To make this, I’m thinking about using two different network.

One is to classify augmentating the image or not The ohter is to classify the image based on label (Main task)

Network A makes output with False or True (0,1) to decide input image should be augmentated or not. Based on result of Network A, the image is augmentated and fed in to Network B to classify it with comparing to ground truth label.

I’m wondering that is this model will correctly backpropagate and learns correctly to increase the perfomance of image classification.

Because Network A and B is seprated image augmentation functtion which is non-differentiable.

Sorry for my poor explanation, but I want to know is this method will theoretically work.

Hi Chan!

You are correct that because the information that Network A passes to
Network B is a discrete variable (zero or one), that connection will not
be usefully differentiable, and you will not be able to use backpropagation
and gradient descent to train Network A.

Here are two possible approaches:

Plan A: Have Network A pass a continuous value (say, any value between
zero and one, or perhaps from -inf to inf) to Network B, and have Network
B not augment the image if the value is zero, fully augment the image if the
value is one, and “partially” augment the image if the value is in between.

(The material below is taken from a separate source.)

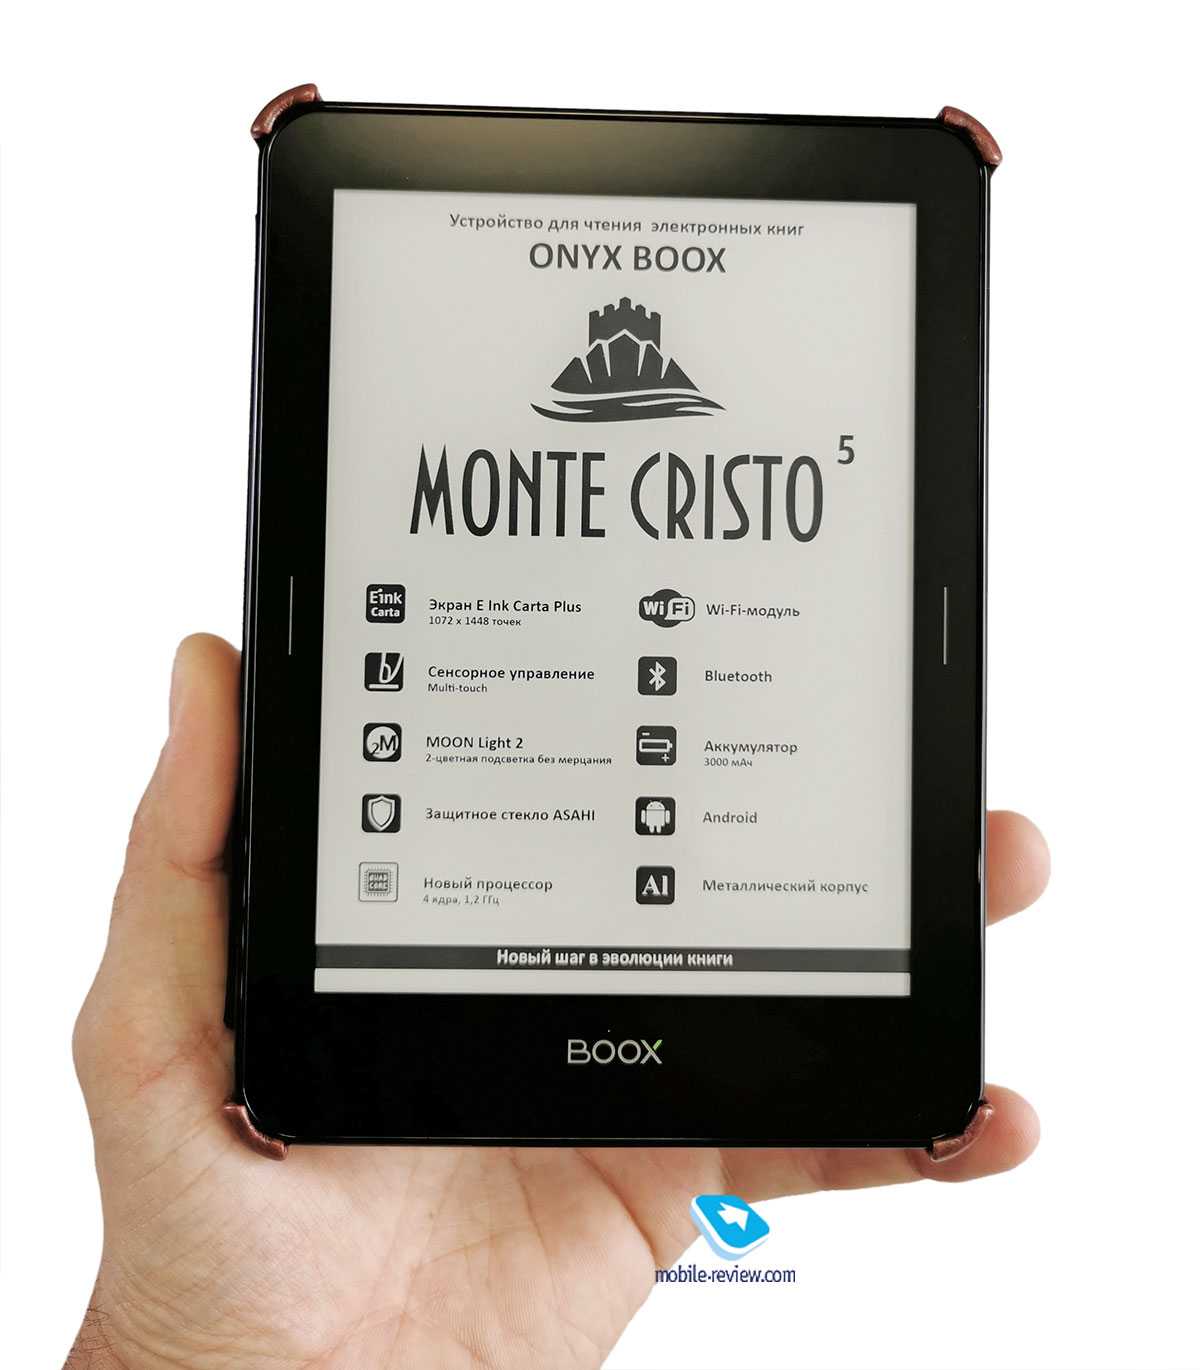 Обзор onyx boox monte cristo 3 — практически идеальная электронная книга

Of
course such a scheme only makes sense if your use case has a sensible
notion of “partial augmentation.”

Plan B: Have Network B always classify both the unaugmented image and
the augmented image, compute the loss function for both images separately,
and combine the two loss-function values together using the continuous
value passed to Network B by Network A (say, by taking a weighted average
of the two loss values). Then backpropagate that combined loss value through
Network A (and use the resulting gradients to train Network A).

Of course, whether or not such schemes will work in practice will depend on
the details of your actual problem, but they illustrate plausible ways to make the
connection between Networks A and B continuous and usefully differentiable.

Best.

K. Frank